WHAT YOU NEED TO DO – An exact copy of the data below is needed; please leave out any pictures.

SUPPLIED INFORMATION –
* * * *

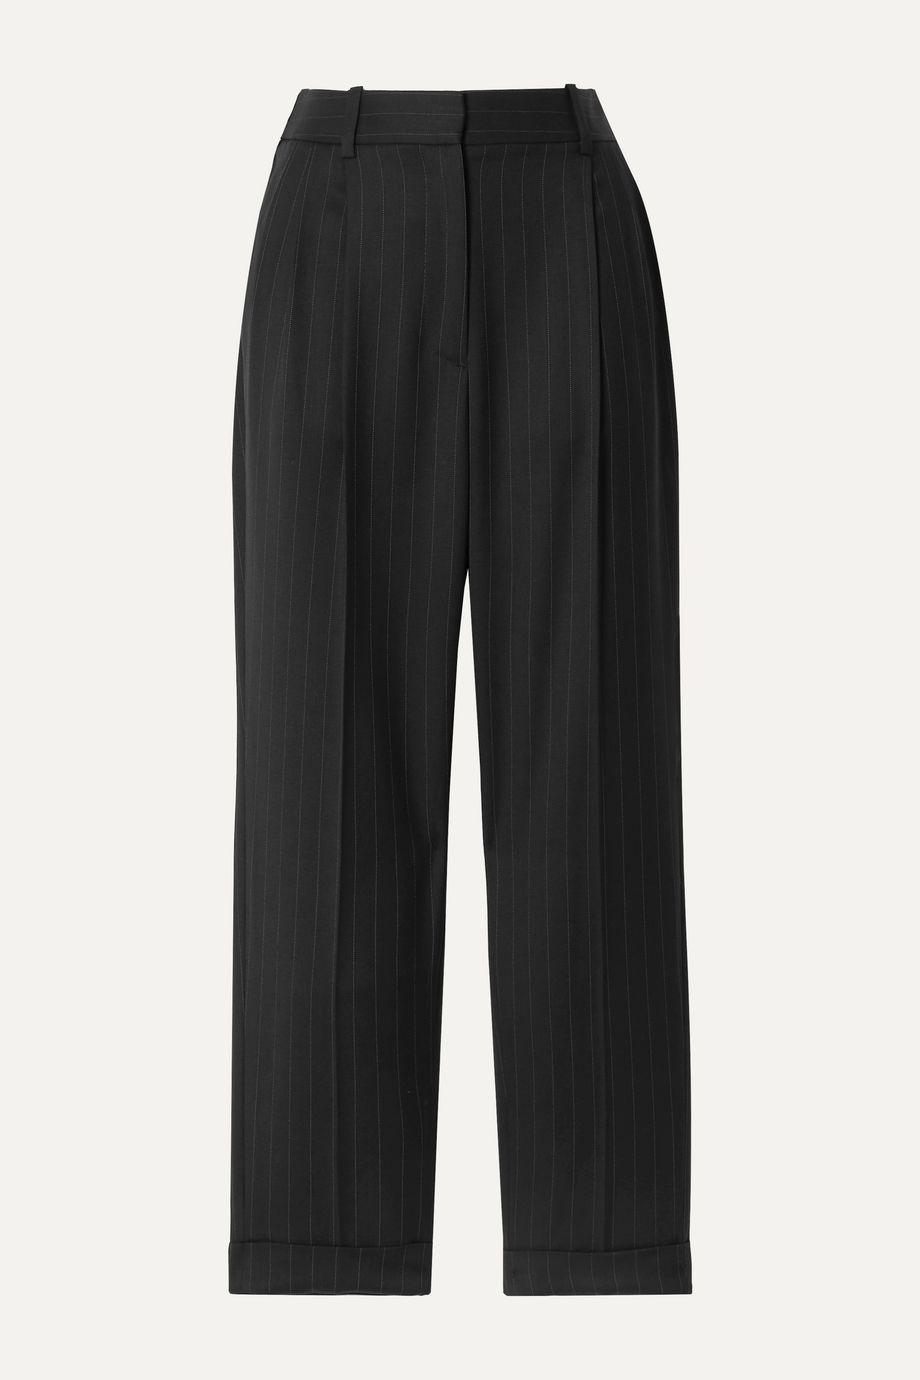 Nili Lotan Montana cropped pinstriped wool-blend twill tapered pants
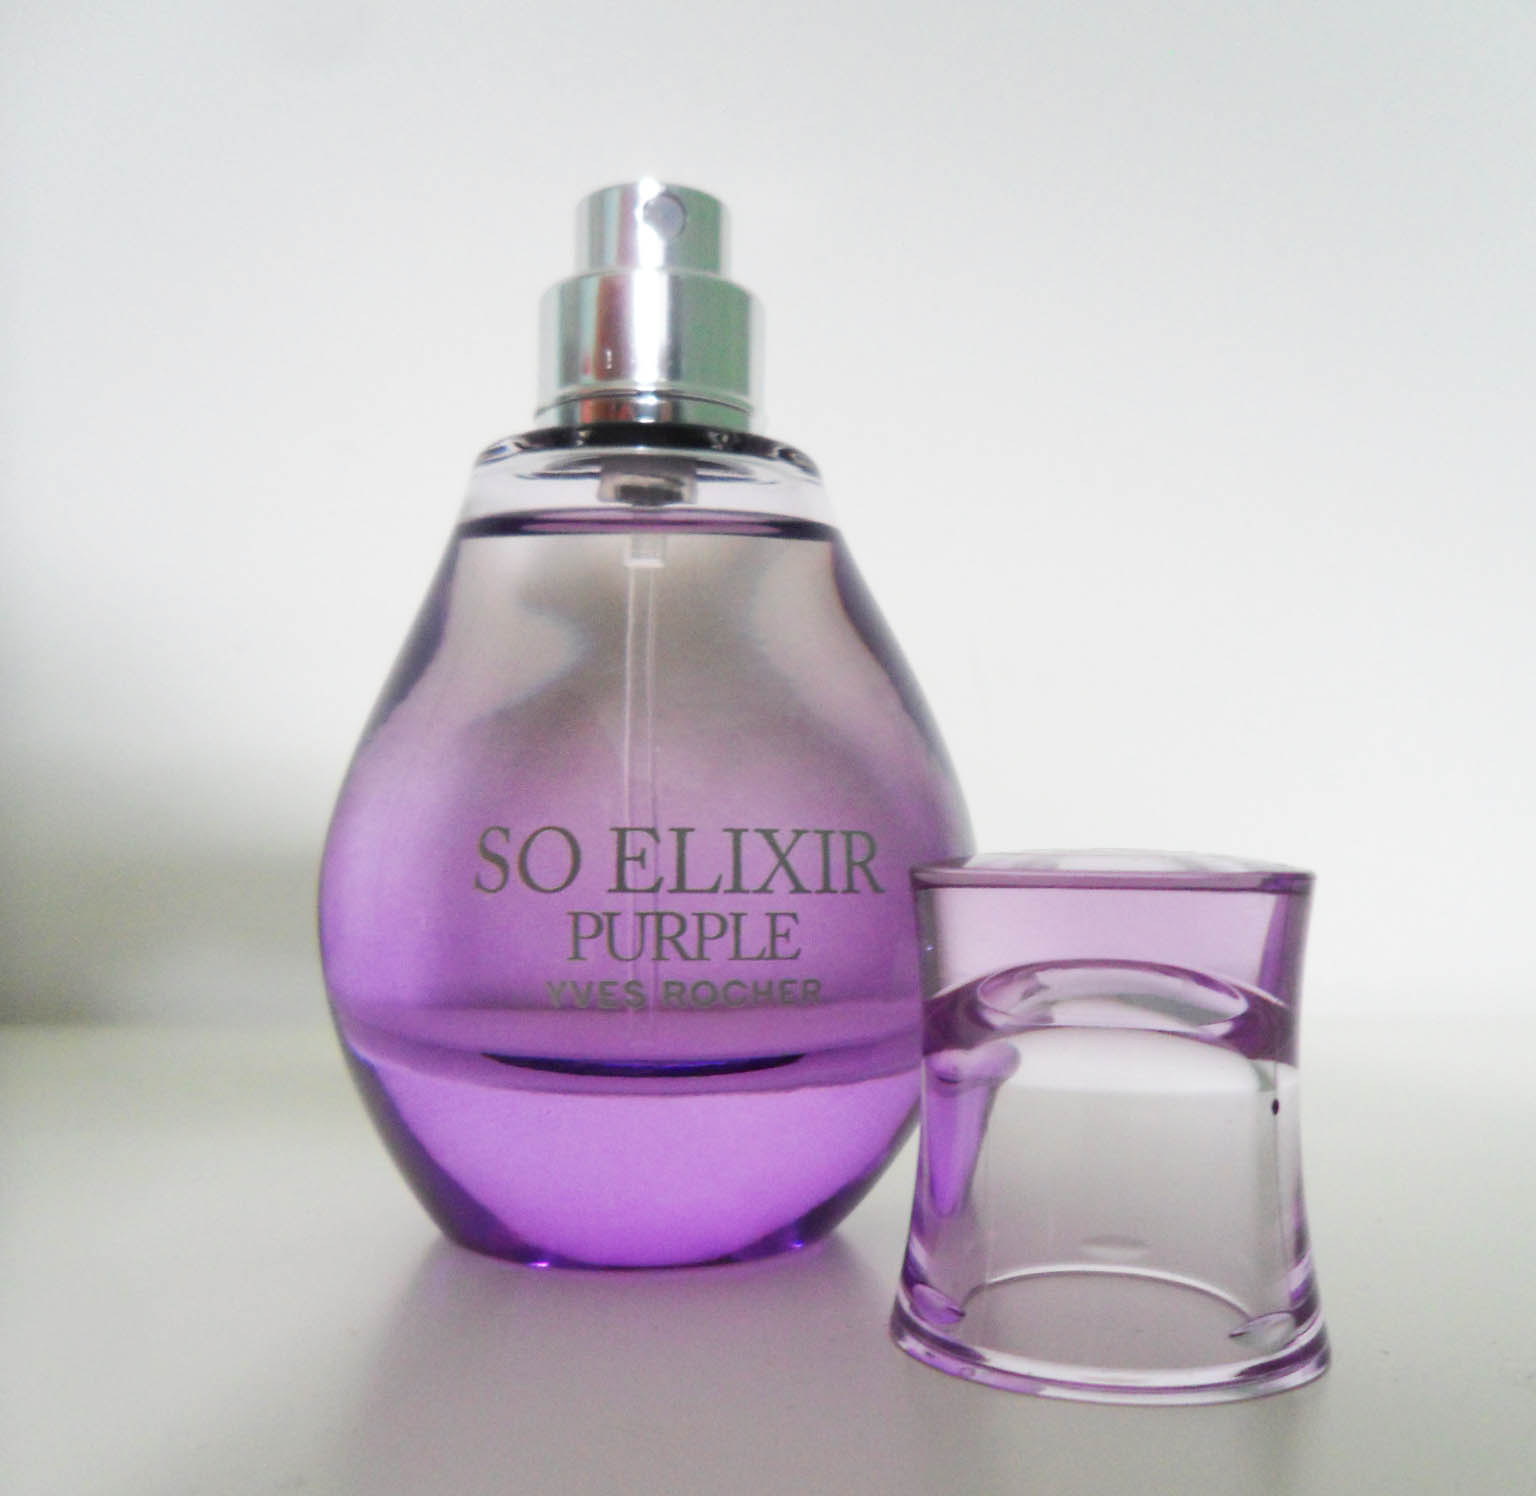 So so Elixir Parfum Femme Elixir qVSzMpGU
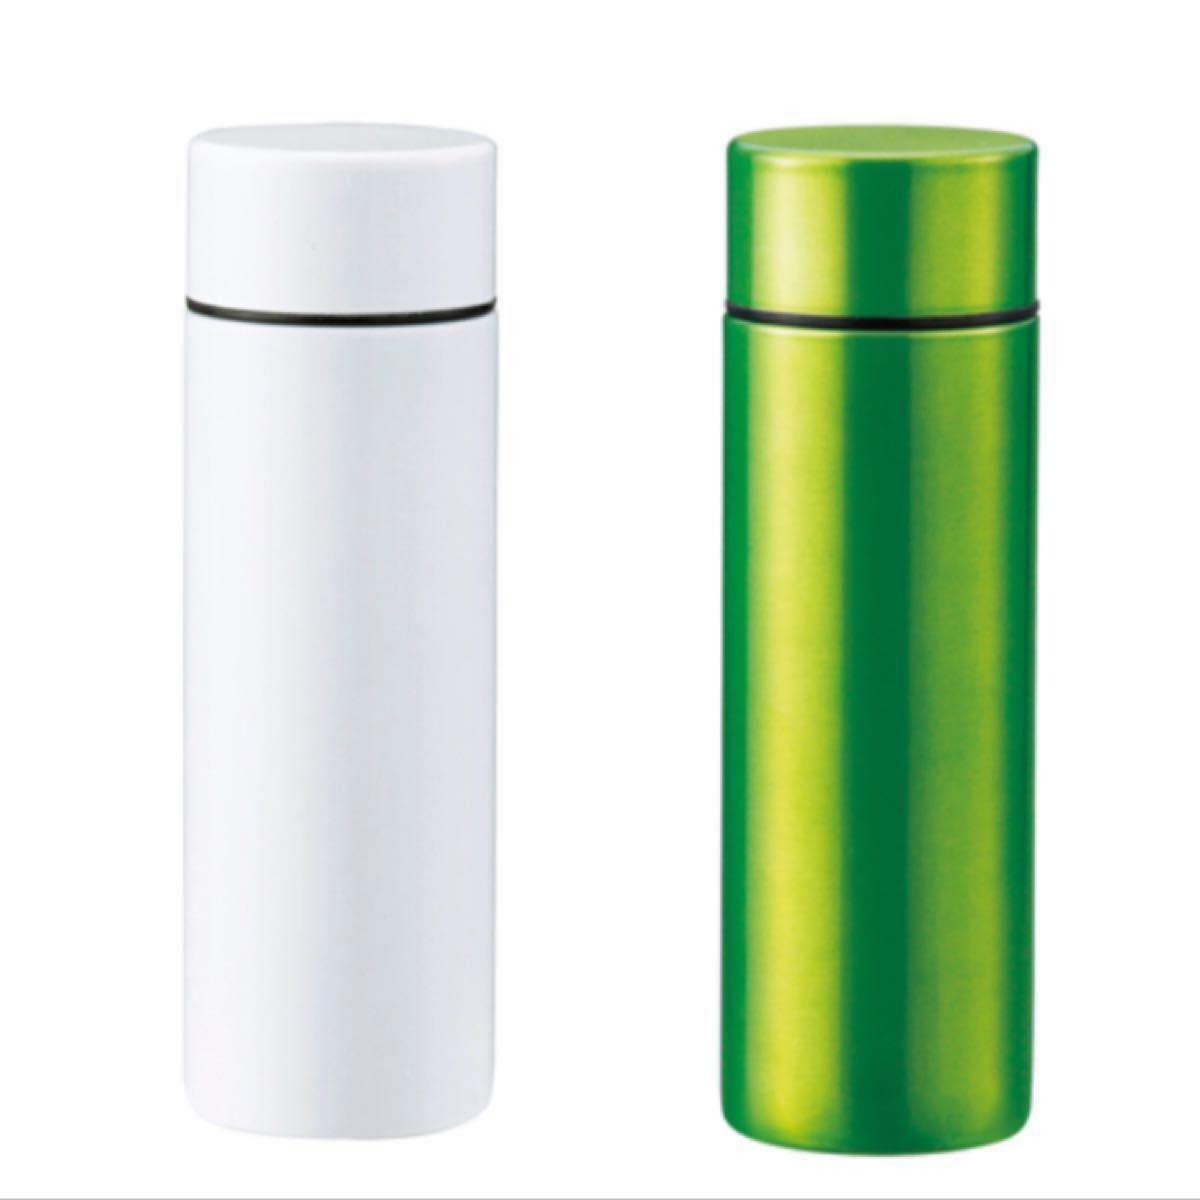 140ml サーモボトル ポケットサイズ 真空 二重構造 ステンレスボトル 5本
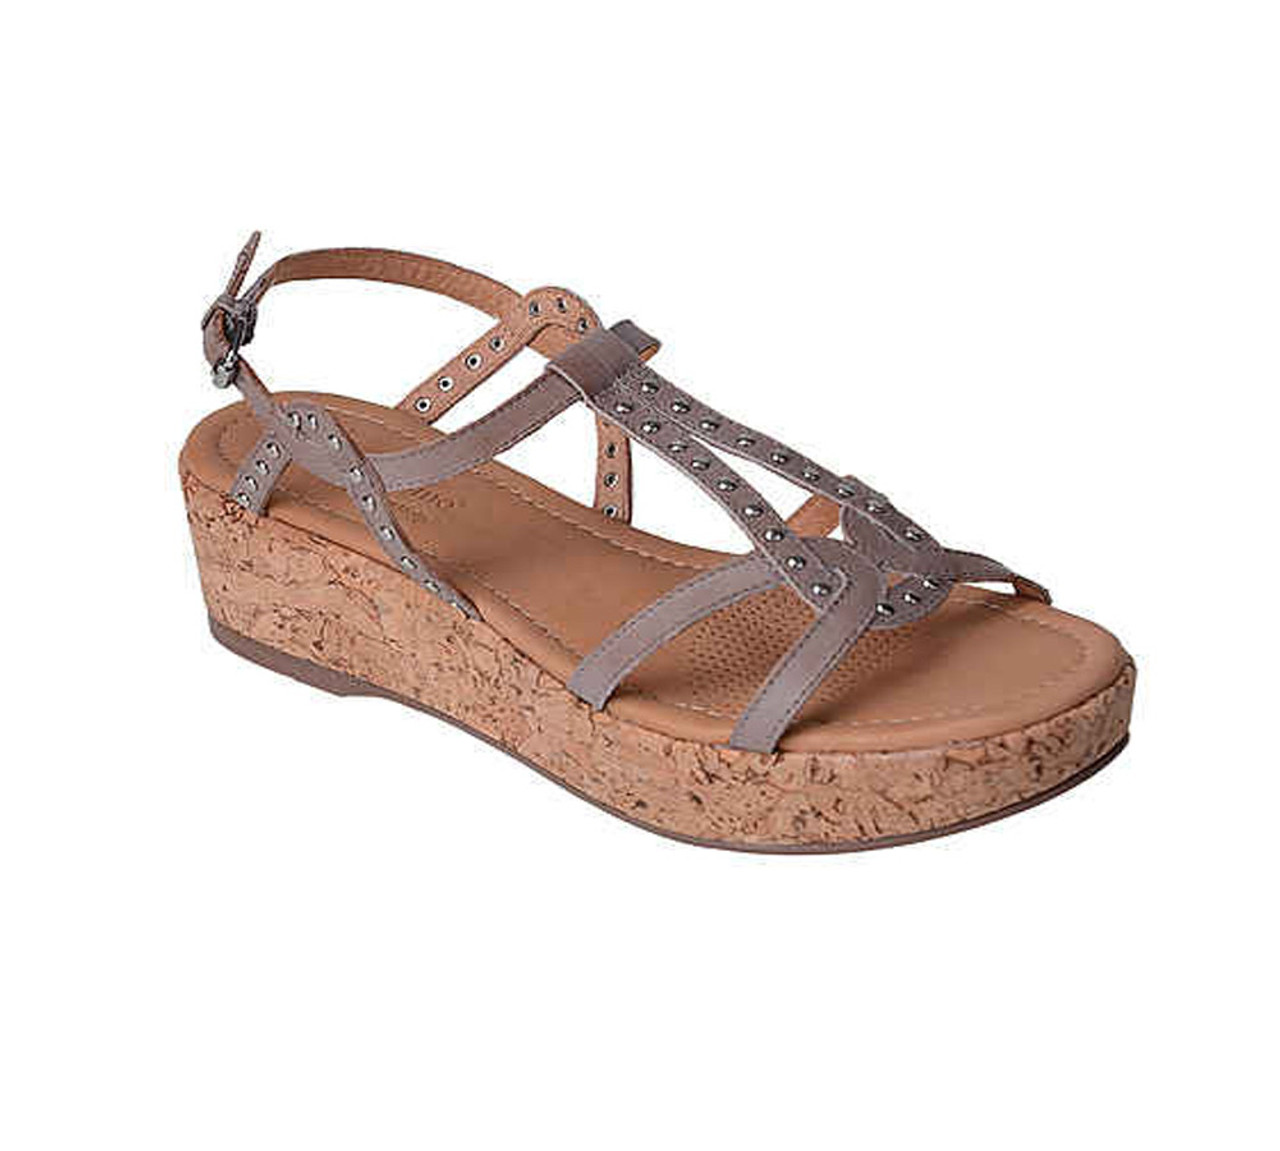 0c457c755c Corso Como Women's Sandi Sandal Taupe Brushed Leather - Shop now @  Shoolu.com

* * * *

EXERCISE RESPONSE –
 Nili Lotan Montana cropped pinstriped wool-blend twill tapered pants
 So so Elixir Parfum Femme Elixir qVSzMpGU
 140ml サーモボトル ポケットサイズ 真空 二重構造 ステンレスボトル 5本
 0c457c755c Corso Como Women's Sandi Sandal Taupe Brushed Leather - Shop now @  Shoolu.com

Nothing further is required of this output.